Aprender sobre o aprendizado é fundamental. Nisso, determina-se a base que todo ser humano tem para dispor seu tempo e energia nesta arte. De ir adiante, de buscar, amadurecer, evoluir. Sem o desenvolvimento correto desse fundamento, os desafios tornam-se sem sentido e as sombras que se relacionam às dificuldades destes acabam prevalecendo. Vence a preguiça, vence o cansaço, vence o desânimo e vencem as inúmeras justificativas que damos a nós mesmos para desistir de prosseguir.

O problema nesse caminho reside justamente no sentido. Pois, nenhuma dor, nenhum esforço pode fazer sentido sem que resulte em uma plena realização dos objetivos traçados para o aprendizado. E é nesse ponto em que devemos nos atentar e questionar. Pois, principalmente para o aprendizado de crianças e adolescentes, por vezes nos omitimos de lhes oferecer o céu. A criança se esforça em aprender e o que recebe se resume a uma avaliação ou um elogio. Existe pouca ou nenhuma realização prática a partir do aprendizado. E partir disso, precisamos utilizar do discurso do dever, da obrigação, para que a criança continue se esforçando nos estudos.

A matéria é exposta, os dados estão na lousa, mas, para que servem? Este é um questionamento natural, para exemplificar. O aprendizado de uma fórmula matemática não faria mais sentido se com essa capacidade adquirida a criança pudesse realizar alguma obra, como construir algo interessante ou fazer algum experimento que aguce ainda mais a curiosidade? Este é o céu. Pois o dragão plana além das nuvens para enxergar mais longe. Este é o sentido do aprendizado. Ele não pode acabar em uma avaliação ou em uma aprovação. Ele precisa dar saltos e estimular a essência do aprender, que reside no questionamento sem fim e na natural alegria da criação.

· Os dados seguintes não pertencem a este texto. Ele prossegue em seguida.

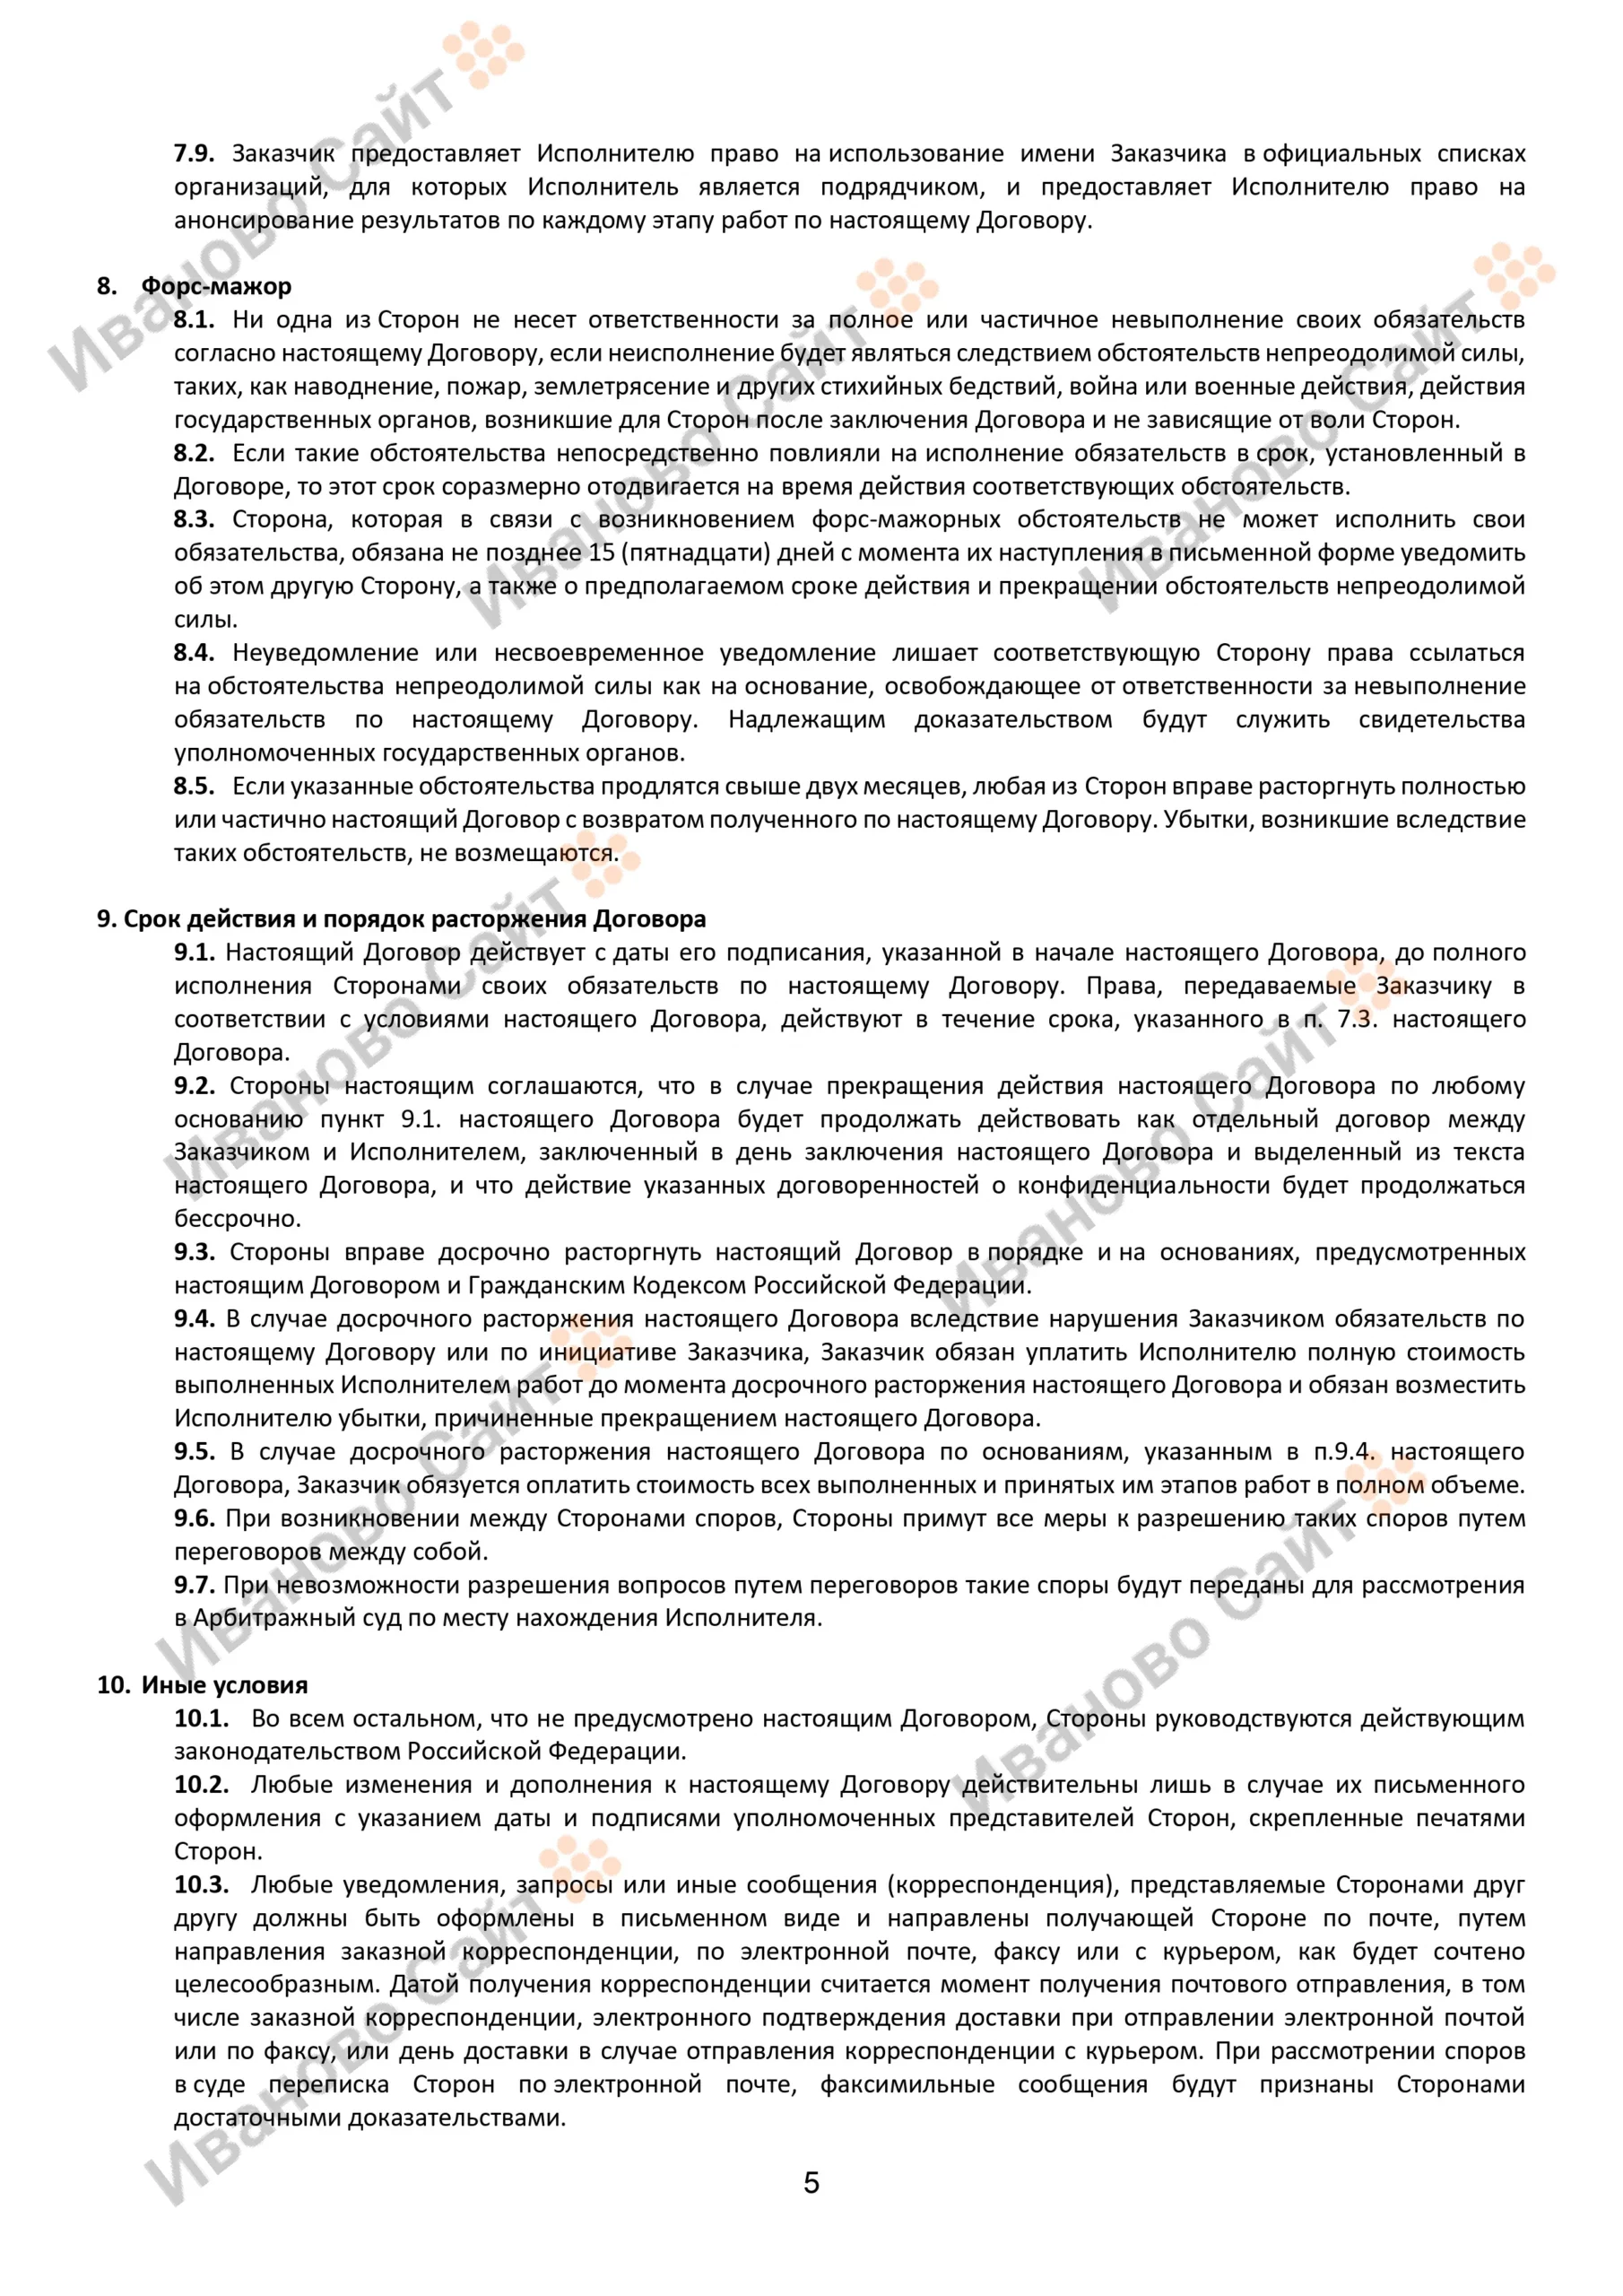 Образец договора на создание (разработку) сайта скачать страница 5

Outro problema relacionado ao modelo de aprendizado pelo qual expomos as crianças e adolescentes é a própria avaliação. O desempenho medido em números desestimula o aprendizado quando a criança não consegue acompanhar a média de seus colegas. Como não existe o céu, uma nota baixa ou medíocre não vai ajudar a criança a continuar se interessando pelo tema. Não precisamos ter um primor de talento para nos alegrarmos em nosso aprendizado. Precisamos apenas que faça sentido, que nos dê algum prazer para valorizarmos nosso esforço. Volto ao meu relato: Não sou atleta, provavelmente nunca ganharei um campeonato de Kung Fu. Mas praticando Kung Fu eu vejo o céu. E isto me basta. Posso admirar aqueles que demonstram maior habilidade e me inspirar neles. Mas não estou competindo nem me sentindo inferior. O aprendizado faz sentido.

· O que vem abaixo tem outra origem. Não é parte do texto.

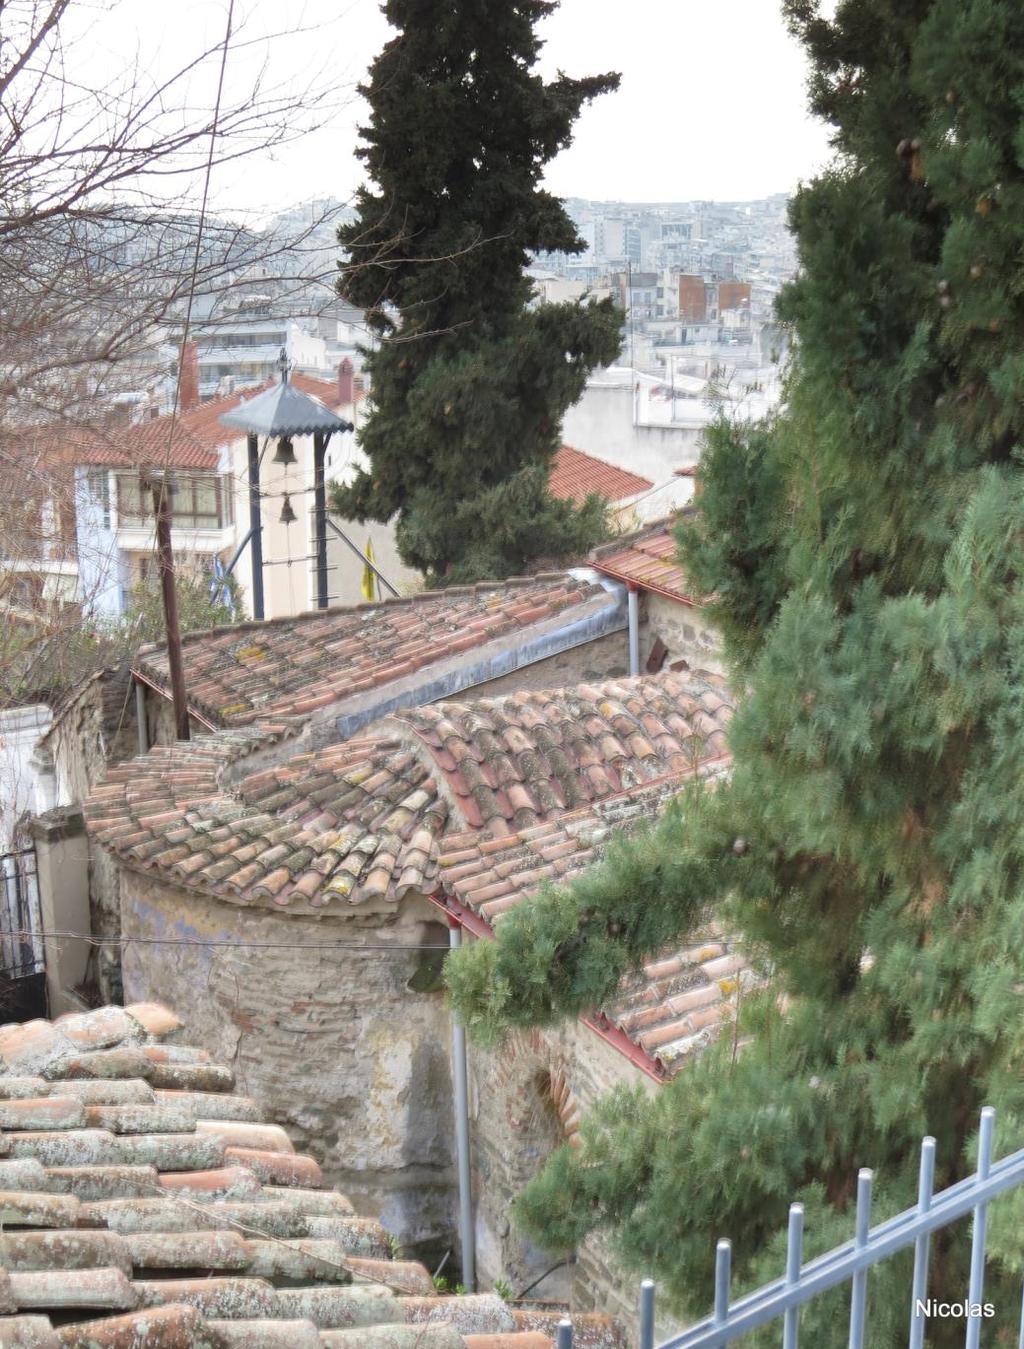 Η Μονή Λατόμου (Οσίου Δαυίδ) Η παλιά και ιστορική μονή Λατόμου σήμερα, είναι ο ενοριακός ναός του Οσίου Δαυίδ του εν Θεσσαλονίκη. Βρίσκεται στην Άνω Πόλη της Θεσσαλονίκης.

Percebam que o que mais nos deparamos nas escolas são crianças que desistem do real aprendizado de determinada matéria. Matemática se torna um estorvo, algo para ser odiado. Português uma coisa chata e careta. É bem simples de entender estes sentimentos, quando os aprendizados desses saberes não encontram o céu da realização. Sem mirar seus horizontes, tornam-se apenas deveres mecânicos. Faz-se a prova, passa-se de ano e o conteúdo fica para trás como apenas uma obrigação cumprida.

Domar o dragão é um ato de autoconhecimento. Aprender sobre o aprendizado é compreender o próprio processo da vida, em todas as suas etapas. Na busca por seus talentos mais naturais, o ser humano precisa navegar entre os diferentes saberes, tendo a mente aberta para experimentar e persistir no aprendizado. Começando a domar o dragão, ele enfrentará suas próprias sombras até poder tomar as rédeas e encontrar o Céu. Pais, professores, mestres, guias, terapeutas precisam se atentar ao fato de que, se não mostrarem o céu aos seus filhos e pupilos, o aprendizado jamais será pleno e fará sentido.

Gostaria de ofertar esta reflexão e agradecer a academia de Kung Fu Shao Lin de Valinhos. Com maestria, lá se ensina a domar o Dragão, na alegria do aprendizado pleno, onde qualquer um, atleta ou não, de qualquer idade, pode atingir o Céu e mirar os horizontes da graça e dos ensinos que esta arte marcial trás. Na falta de ambientes onde o aprendizado se dá por inteiro em nossa sociedade, proporcionar para a criança a experiência de praticar uma arte marcial em um ambiente adequado é um bom caminho no processo de aprender sobre o aprendizado e desenvolver valores essenciais à vida.